Go through the listing and write out all of it exactly.

%%

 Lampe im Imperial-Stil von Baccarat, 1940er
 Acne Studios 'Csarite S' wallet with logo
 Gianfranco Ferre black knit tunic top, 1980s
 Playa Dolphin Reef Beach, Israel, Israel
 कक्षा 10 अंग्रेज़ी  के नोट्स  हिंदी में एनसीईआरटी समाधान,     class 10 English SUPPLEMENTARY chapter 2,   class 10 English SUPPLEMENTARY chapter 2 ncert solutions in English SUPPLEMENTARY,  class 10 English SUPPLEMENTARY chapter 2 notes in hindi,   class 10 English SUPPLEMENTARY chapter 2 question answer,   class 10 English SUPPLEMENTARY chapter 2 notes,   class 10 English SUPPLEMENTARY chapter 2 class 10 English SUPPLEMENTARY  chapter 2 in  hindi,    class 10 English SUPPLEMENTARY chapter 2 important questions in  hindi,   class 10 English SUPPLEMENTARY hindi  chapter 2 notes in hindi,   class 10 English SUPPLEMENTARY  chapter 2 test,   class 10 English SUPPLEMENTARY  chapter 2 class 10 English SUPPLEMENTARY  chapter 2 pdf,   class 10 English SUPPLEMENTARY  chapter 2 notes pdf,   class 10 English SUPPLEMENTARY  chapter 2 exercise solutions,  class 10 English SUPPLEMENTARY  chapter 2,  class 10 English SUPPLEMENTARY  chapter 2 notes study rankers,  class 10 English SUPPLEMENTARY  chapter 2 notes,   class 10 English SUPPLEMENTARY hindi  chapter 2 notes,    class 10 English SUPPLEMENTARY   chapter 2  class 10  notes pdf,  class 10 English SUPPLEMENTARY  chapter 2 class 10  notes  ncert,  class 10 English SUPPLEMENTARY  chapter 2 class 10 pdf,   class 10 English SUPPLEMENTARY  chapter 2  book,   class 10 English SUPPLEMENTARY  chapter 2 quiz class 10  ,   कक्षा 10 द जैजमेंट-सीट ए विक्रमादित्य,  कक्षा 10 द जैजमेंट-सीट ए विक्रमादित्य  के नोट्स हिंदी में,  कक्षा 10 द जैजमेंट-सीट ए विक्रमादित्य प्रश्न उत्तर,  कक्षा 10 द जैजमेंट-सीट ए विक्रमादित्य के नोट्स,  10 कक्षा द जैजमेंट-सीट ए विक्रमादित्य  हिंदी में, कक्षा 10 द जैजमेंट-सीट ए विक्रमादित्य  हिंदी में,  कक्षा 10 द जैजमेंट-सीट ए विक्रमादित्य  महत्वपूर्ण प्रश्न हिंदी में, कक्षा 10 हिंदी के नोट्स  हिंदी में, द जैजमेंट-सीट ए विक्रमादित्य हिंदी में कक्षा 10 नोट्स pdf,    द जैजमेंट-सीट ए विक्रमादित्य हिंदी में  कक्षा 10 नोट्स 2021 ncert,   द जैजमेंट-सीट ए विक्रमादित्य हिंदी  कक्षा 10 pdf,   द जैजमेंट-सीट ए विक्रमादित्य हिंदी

%%

> [ANSWER AREA]
 Lampe im Imperial-Stil von Baccarat, 1940er
 Acne Studios 'Csarite S' wallet with logo
 Gianfranco Ferre black knit tunic top, 1980s
 Playa Dolphin Reef Beach, Israel, Israel
 कक्षा 10 अंग्रेज़ी  के नोट्स  हिंदी में एनसीईआरटी समाधान,     class 10 English SUPPLEMENTARY chapter 2,   class 10 English SUPPLEMENTARY chapter 2 ncert solutions in English SUPPLEMENTARY,  class 10 English SUPPLEMENTARY chapter 2 notes in hindi,   class 10 English SUPPLEMENTARY chapter 2 question answer,   class 10 English SUPPLEMENTARY chapter 2 notes,   class 10 English SUPPLEMENTARY chapter 2 class 10 English SUPPLEMENTARY  chapter 2 in  hindi,    class 10 English SUPPLEMENTARY chapter 2 important questions in  hindi,   class 10 English SUPPLEMENTARY hindi  chapter 2 notes in hindi,   class 10 English SUPPLEMENTARY  chapter 2 test,   class 10 English SUPPLEMENTARY  chapter 2 class 10 English SUPPLEMENTARY  chapter 2 pdf,   class 10 English SUPPLEMENTARY  chapter 2 notes pdf,   class 10 English SUPPLEMENTARY  chapter 2 exercise solutions,  class 10 English SUPPLEMENTARY  chapter 2,  class 10 English SUPPLEMENTARY  chapter 2 notes study rankers,  class 10 English SUPPLEMENTARY  chapter 2 notes,   class 10 English SUPPLEMENTARY hindi  chapter 2 notes,    class 10 English SUPPLEMENTARY   chapter 2  class 10  notes pdf,  class 10 English SUPPLEMENTARY  chapter 2 class 10  notes  ncert,  class 10 English SUPPLEMENTARY  chapter 2 class 10 pdf,   class 10 English SUPPLEMENTARY  chapter 2  book,   class 10 English SUPPLEMENTARY  chapter 2 quiz class 10  ,   कक्षा 10 द जैजमेंट-सीट ए विक्रमादित्य,  कक्षा 10 द जैजमेंट-सीट ए विक्रमादित्य  के नोट्स हिंदी में,  कक्षा 10 द जैजमेंट-सीट ए विक्रमादित्य प्रश्न उत्तर,  कक्षा 10 द जैजमेंट-सीट ए विक्रमादित्य के नोट्स,  10 कक्षा द जैजमेंट-सीट ए विक्रमादित्य  हिंदी में, कक्षा 10 द जैजमेंट-सीट ए विक्रमादित्य  हिंदी में,  कक्षा 10 द जैजमेंट-सीट ए विक्रमादित्य  महत्वपूर्ण प्रश्न हिंदी में, कक्षा 10 हिंदी के नोट्स  हिंदी में, द जैजमेंट-सीट ए विक्रमादित्य हिंदी में कक्षा 10 नोट्स pdf,    द जैजमेंट-सीट ए विक्रमादित्य हिंदी में  कक्षा 10 नोट्स 2021 ncert,   द जैजमेंट-सीट ए विक्रमादित्य हिंदी  कक्षा 10 pdf,   द जैजमेंट-सीट ए विक्रमादित्य हिंदी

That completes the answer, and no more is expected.